PROBLEM DESCRIPTION -
Everything before the line containing "Five E-14 candelabra bulb sockets." stays out; print that line and all lines below it through the last, exactly.

SUPPLIED DATA -
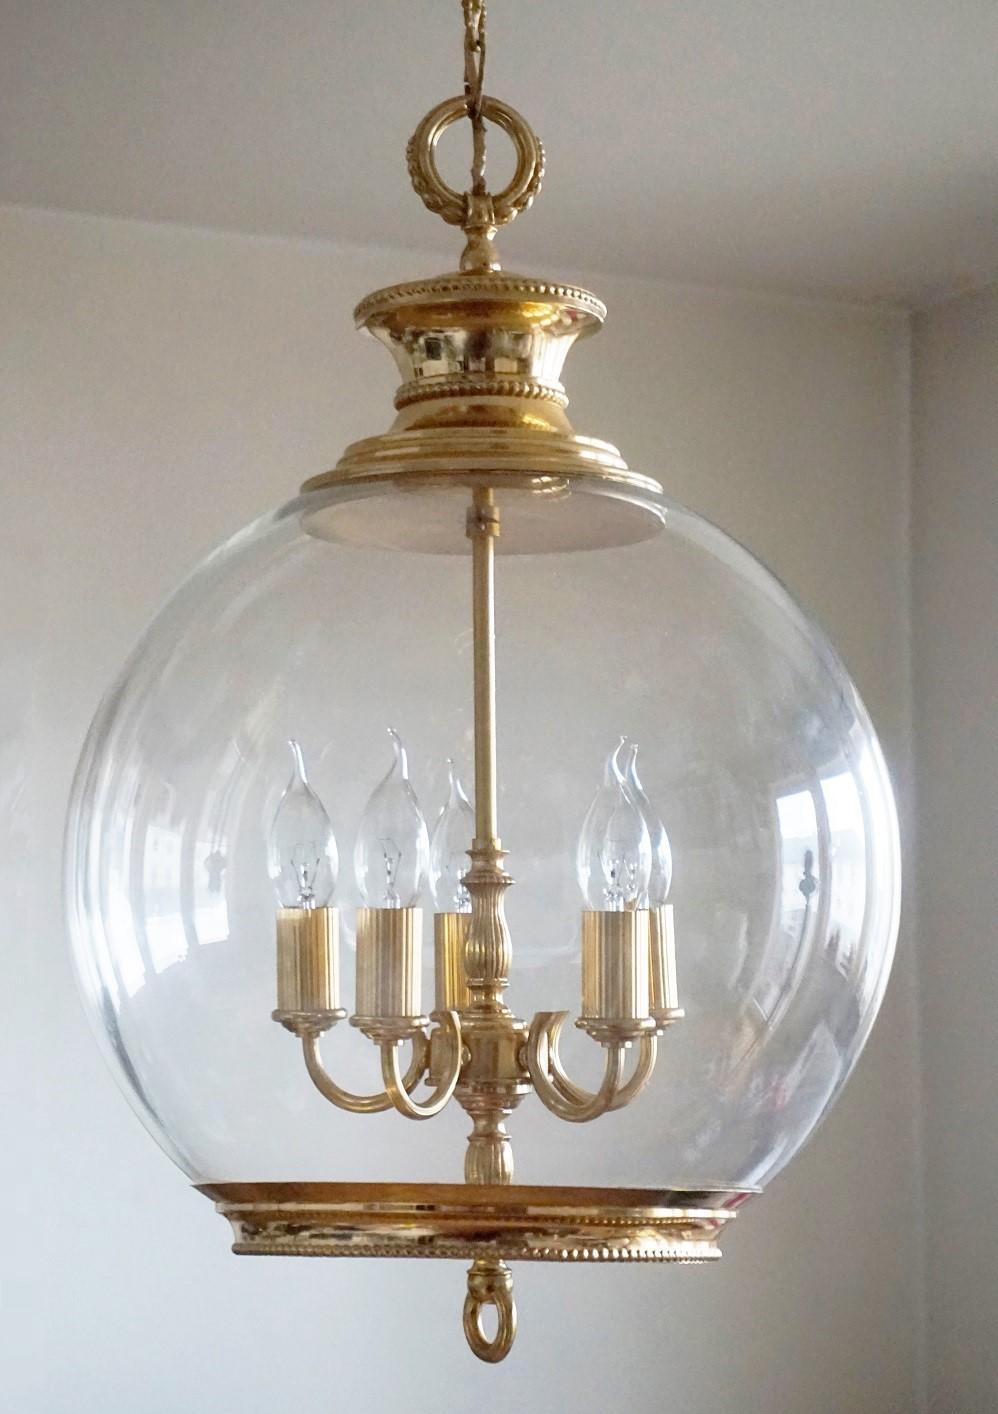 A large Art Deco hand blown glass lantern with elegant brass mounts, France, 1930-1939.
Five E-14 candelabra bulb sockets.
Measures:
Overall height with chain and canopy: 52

RESPONSE BELOW -
Five E-14 candelabra bulb sockets.
Measures:
Overall height with chain and canopy: 52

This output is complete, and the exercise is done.